Matthew Hale called the common law Lex non Scripta, and defined it as “those Statutes of Acts of Parliament that were made before the Beginning of the Reign of King Richard I and have not since been repealed or altered, either by contrary Usage, or by subsequent Acts of Parliament, (because what is before Time of Memory is supposed without a Beginning, or at least such a Beginning as the Law takes Notice of) but they obtain their Strength by meer immemorial Usage of Custom.”[4]

But where would you look to find the common law in early days? You wouldn’t learn much about it from the statutes or constitution. The 1840 compilation of Vermont laws does not mention “easement.” The Vermont Constitution includes the words of Article 1st, “That all persons are born equally free and independent, and have certain natural, inherent, and unalienable rights, amongst which are the enjoying and defending life and liberty, acquiring, possessing and protecting property, and pursuing and obtaining happiness and safety….”[5] Possessing property is among the natural, inherent, and unalienable rights of Vermonters. Article 2ND provides the constitutional basis for the taking of private property for public purposes and Article 5th is the foundation for the Vermont judicial exercise of the police power.

Most critically, Chapter XXVII of the Revised Laws (1840) reiterated the statute enacted first in 1778 that adopted the common law of England, “as is applicable to the local situation, and is not repugnant to the constitution or laws of this state,” and required “all courts to take notice thereof, and govern themselves accordingly.”[6] To find the common law, courts up to 1839, and beyond, used other books.

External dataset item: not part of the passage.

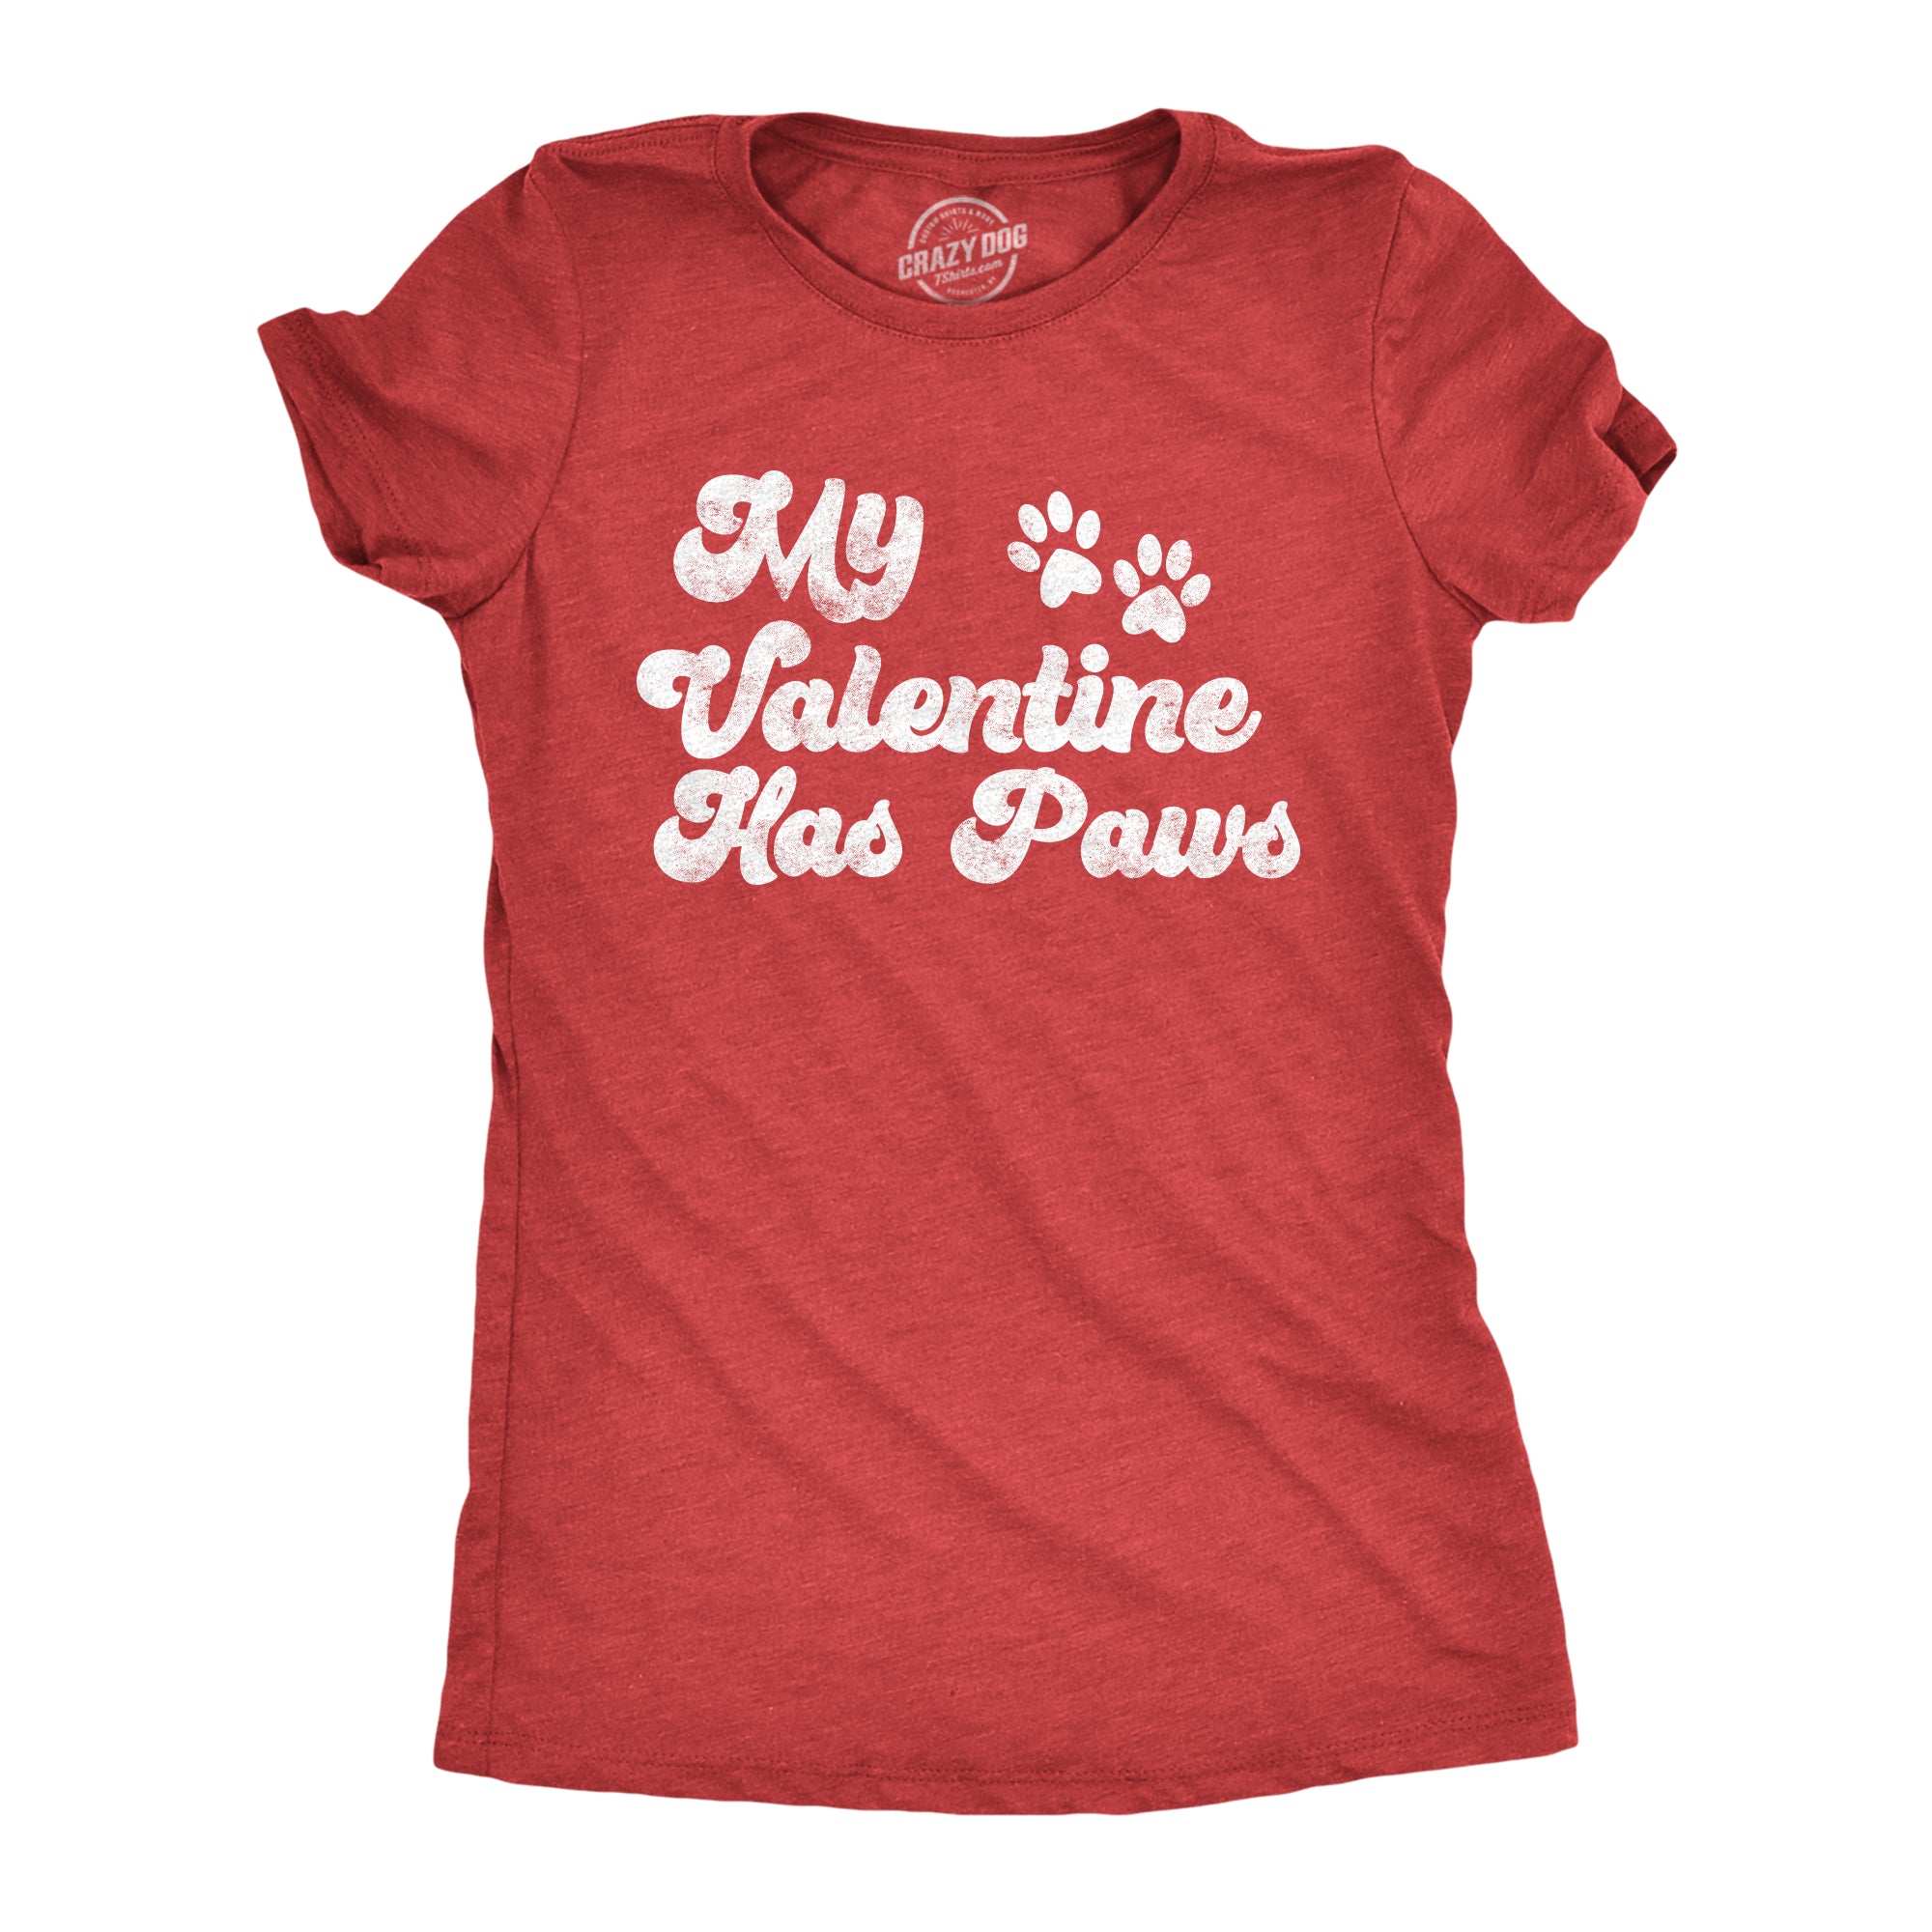 Funny Heather Red - PAWS My Favorite Valentine Has Paws Womens T Shirt Nerdy Valentine's Day Tee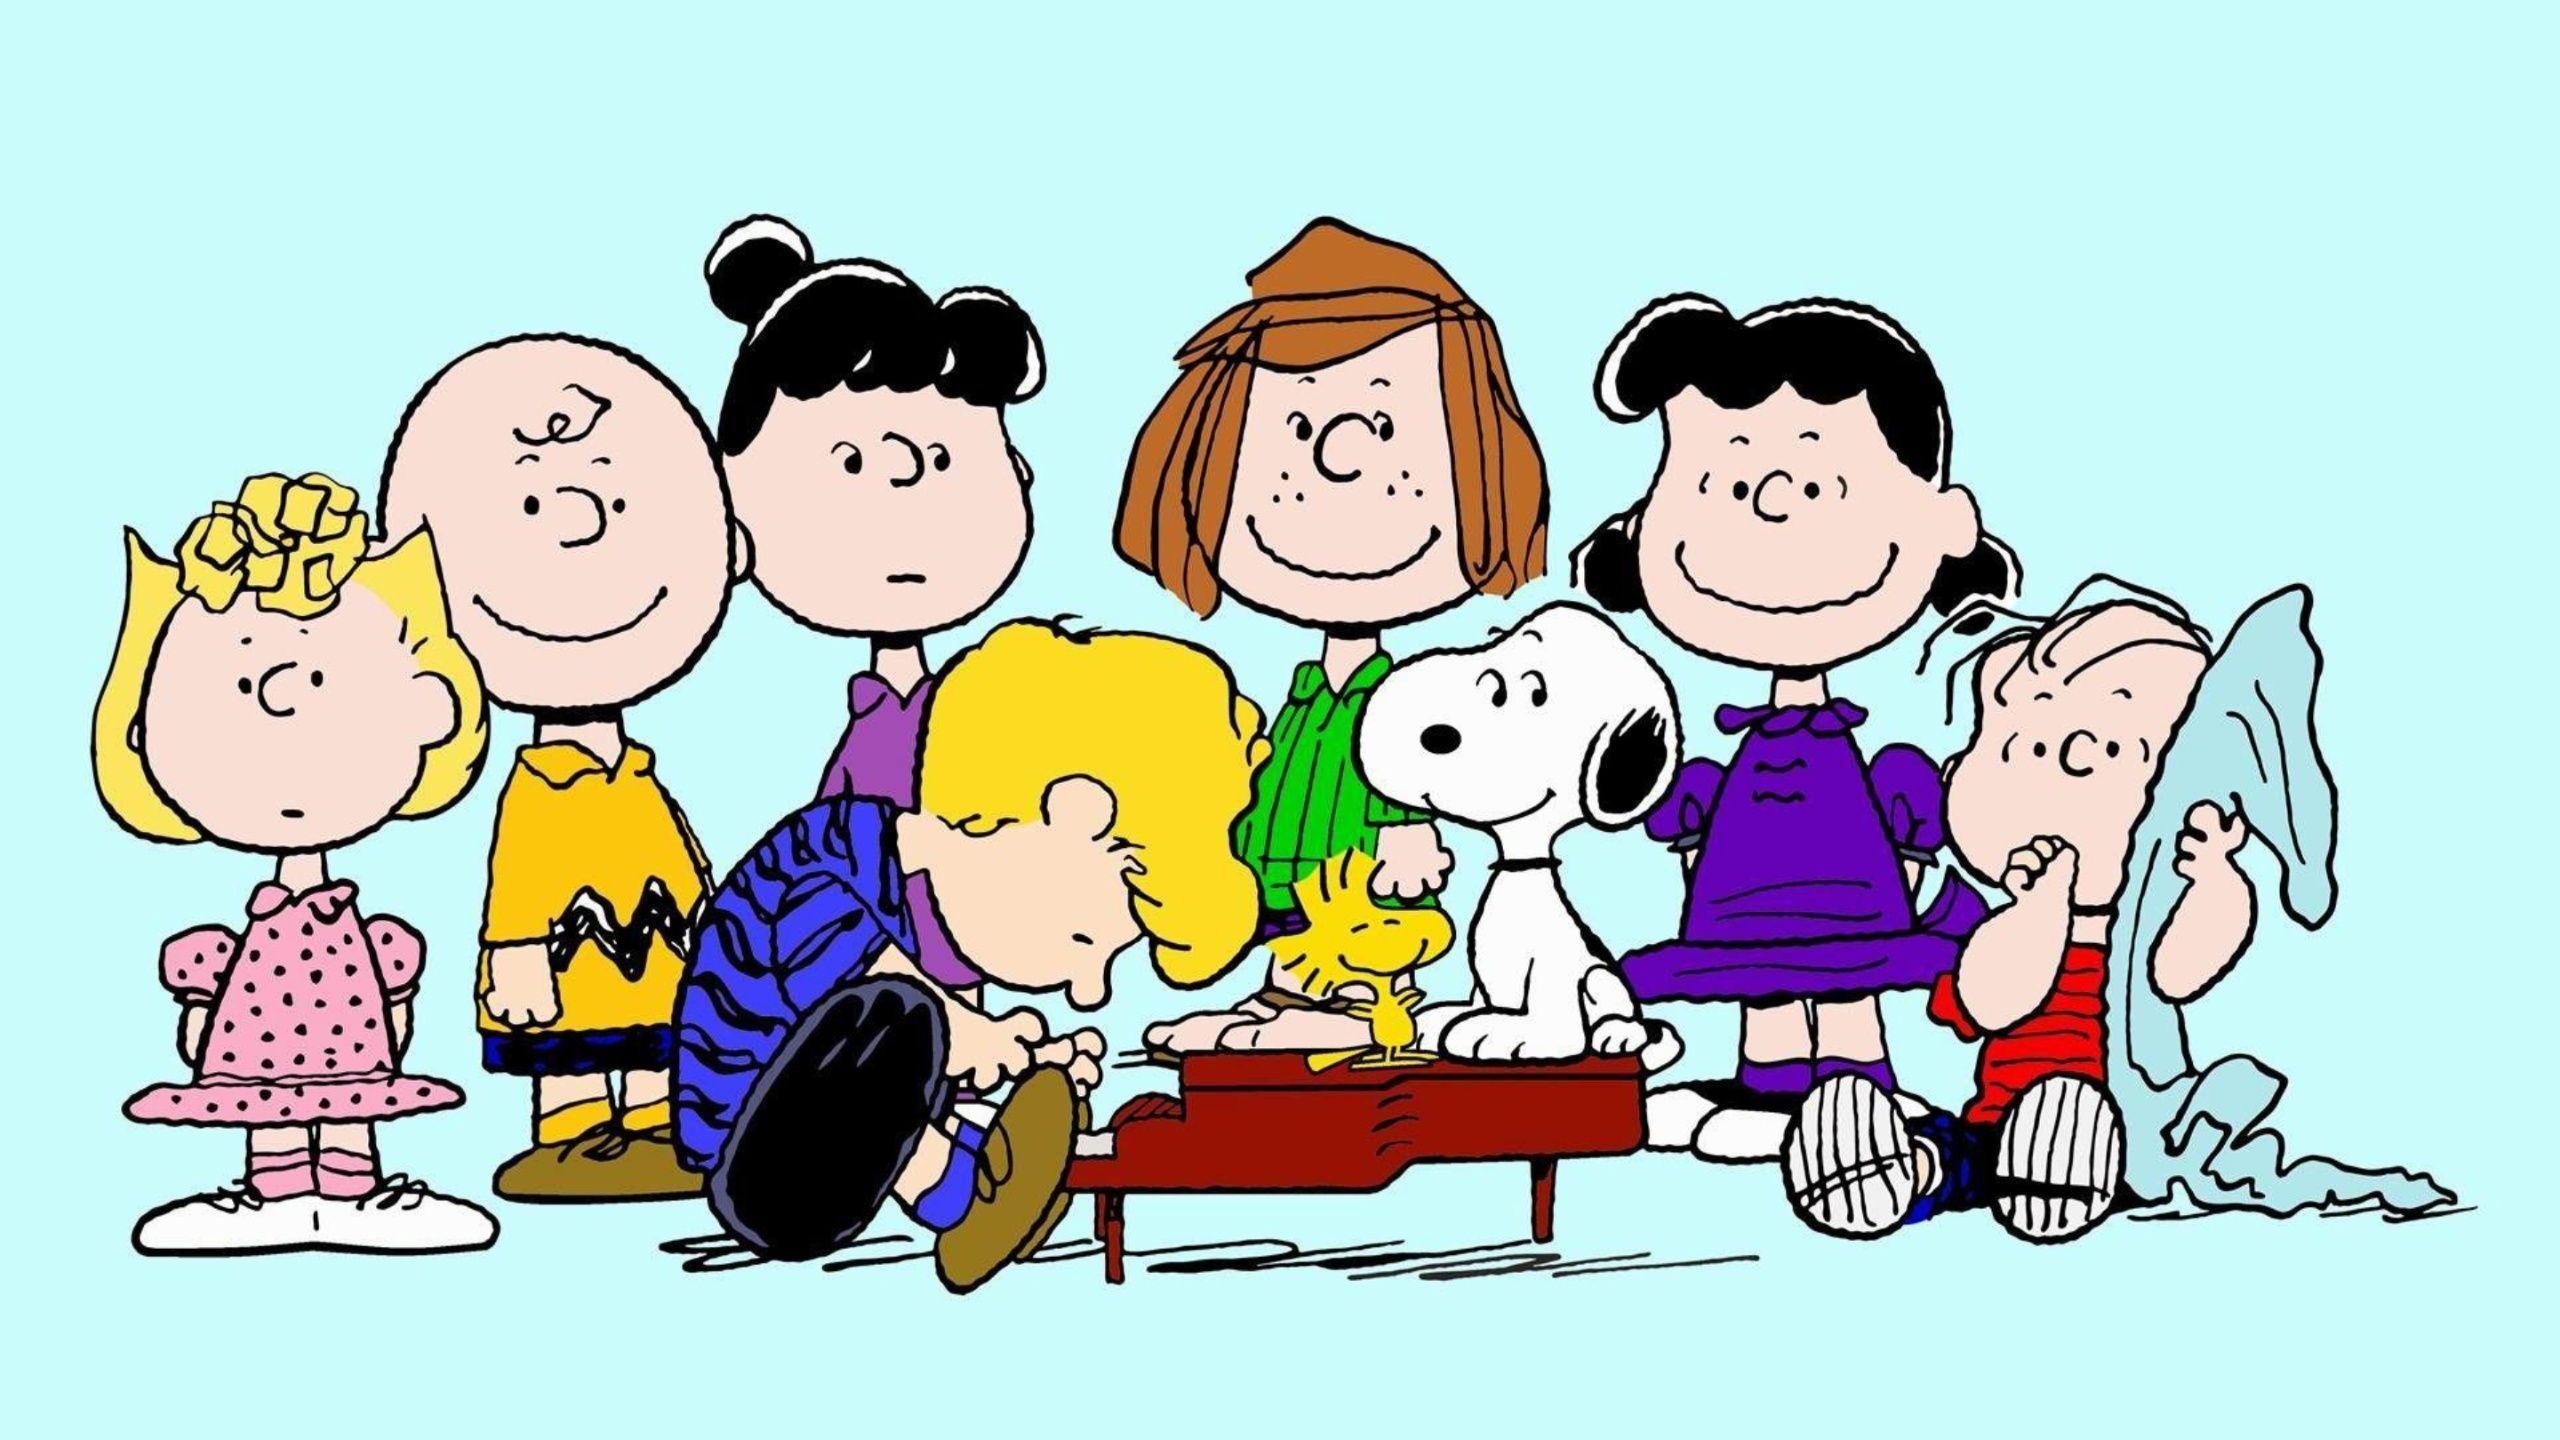 The Peanuts kids and Snoopy

The early Vermont cases were slow to provide annotations or precedents as authorities, but eventually decisions that relied on the common law treated English cases as established authority. This practice of using English caselaw to settle disputes in Vermont soon declined as the first official reports were published and disseminated. After 1826, the high court could quote itself for authority. The common law didn’t disappear. It still forms the spine of the laws that govern Vermonters, perpetuated and restated generation after generation in the reports. This is particularly true in property law.

When Judge Lott Hall wrote, “By common law a feme covert can convey neither real nor personal property,” in Harmon v. Taft (1800), he gave no authority to support his statement.[7] Perhaps he didn’t need to. Perhaps some tenets of the common law were so well known as not to require a source. But without sources, the law is unmoored. It must have books and cases, statutes and bylaws. Without books or libraries, or printed decisions, some judges were required to rely on their memories of earlier decisions. In Kinne v. Plumb (1801), Judge Noah Smith “recited memoriter the decision of a case in this Court last term, Bennington County….”[8]

The first book most lawyers owned was Blackstone’s Commentaries.

Blackstone on Easements

In Volume the Second of the Commentaries, Blackstone gave private access easements a brief treatment. He described them as a species of incorporeal here ditaments, that are “not the object of sensation,” “can neither be seen nor handled,” that are “creatures of the mind, [that] exist only in contemplation.” They “are a sort of accident, which inhere in and are supported by that substance; and may belong, or not belong to it, without any visible alteration therein. Their existence is merely an idea and abstracted contemplation; though their effects and profits may be frequently objects of our bodily senses.”[9] He traced the ownership of property back to original sources. “In the beginning, we are informed by holy writ, the all-bountiful Creator gave to man ‘dominion over all the earth; and over the fish of the sea, and over the fowl of the air, and over every living thing that moveth upon the earth, whatever any metaphysical notions may have been stated by fanciful writers upon this subject.’”[10]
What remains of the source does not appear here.